L’homme s’infeste par ingestion de fruits ramassés dans la nature et situés à moins de 1 m de hauteur. La larve va gagner le foie où il forme de très nombreuses cavités de diverses tailles, donnant l’aspect, en coupe, de tranche de pain (Figure 8).

Figure 8 : echinococcose alvéolaire (coupe de foie)

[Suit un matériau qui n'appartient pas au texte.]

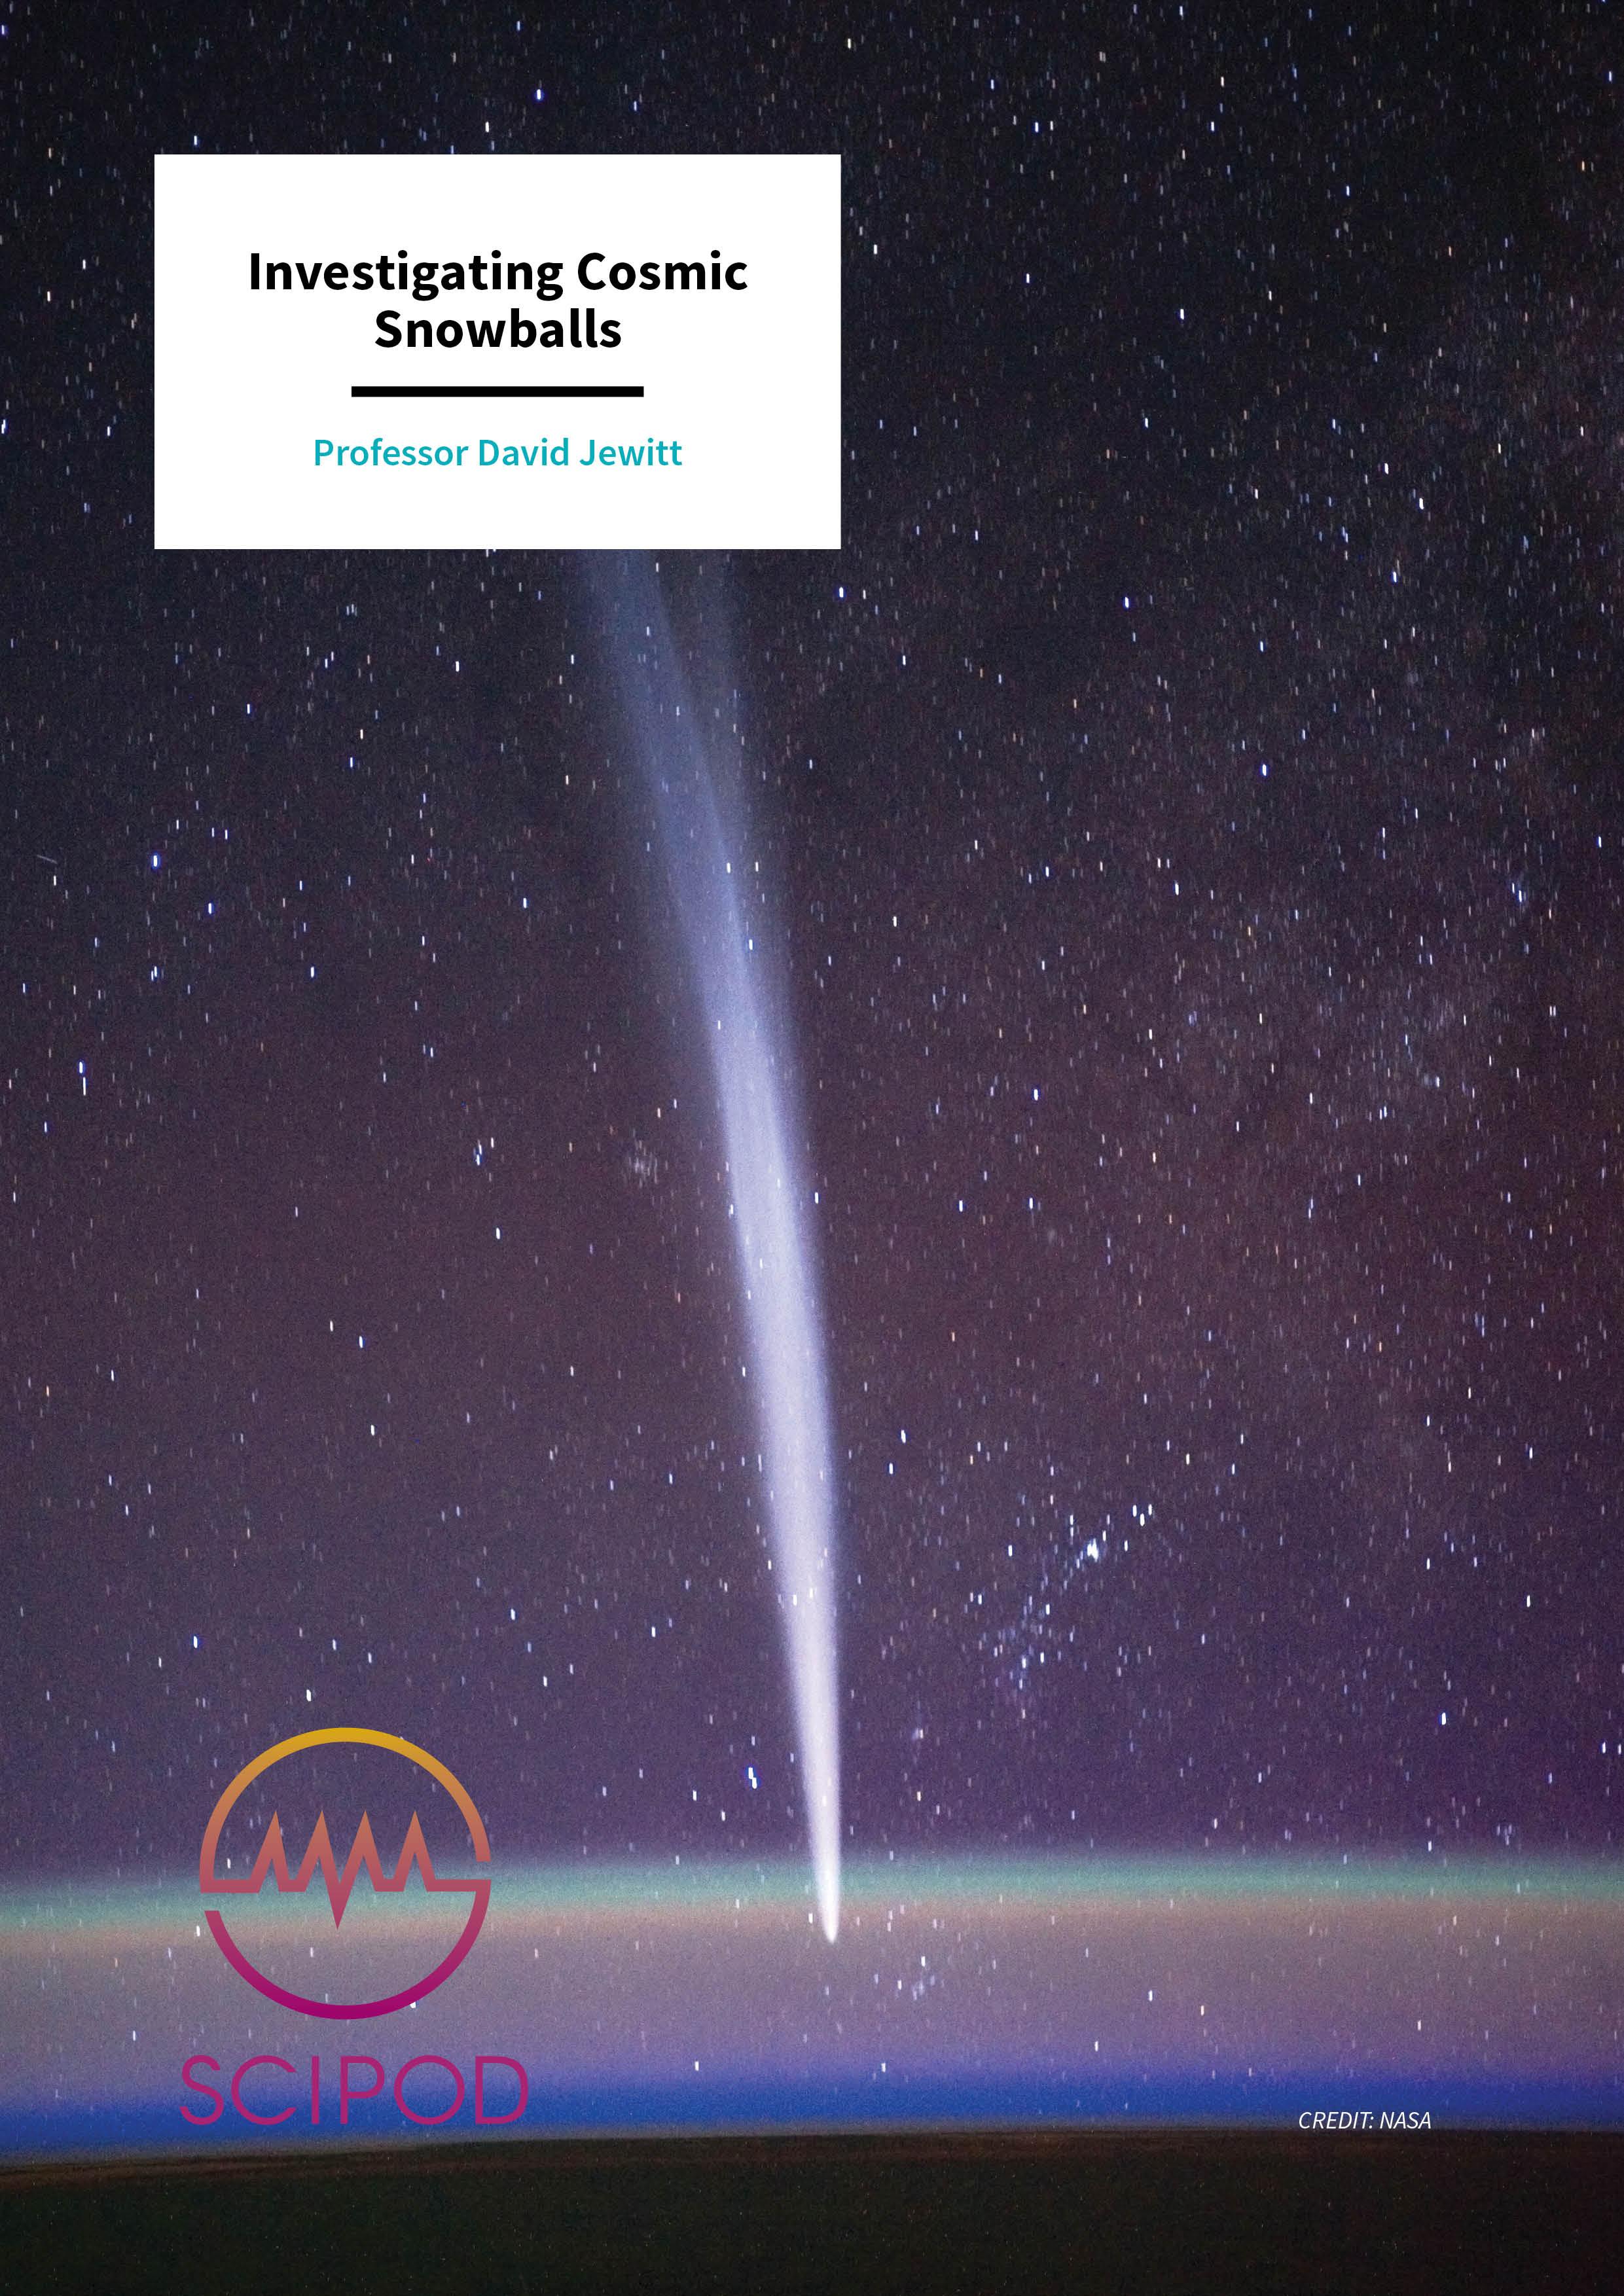 Investigating Cosmic Snowballs – Professor David Jewitt, University of California, Los Angeles

Les symptômes sont tardifs (sensation de pesanteur abdominale, ictère). Le diagnostic est établi par l’échographie et le sérodiagnostic.
Le seul traitement vraiment efficace est la transplantation hépatique.

3. Cysticercose

La cysticercose est la localisation dans l’organisme humaine de la forme larvaire (cysticerque) du Tænia solium. Les larves traversent l’estomac du patient, puis diffusent dans tous les organes en plusieurs semaines ou mois. Les lieux de prédilection sont les muscles (souvent avec peu de signes), l’œil (exophtalmie unilatérale) ou le cerveau (syndrome déficitaire, aphasie, épilepsie).
Le diagnostic est établi sur l’aspect clinique, les images échographiques ou radiologie (avec multiples images lacunaires), et le sérodiagnostic. Le traitement est essentiellement symptomatique, parfois associé au praziquantel pendant plusieurs mois, quand l’infestation est relativement récente.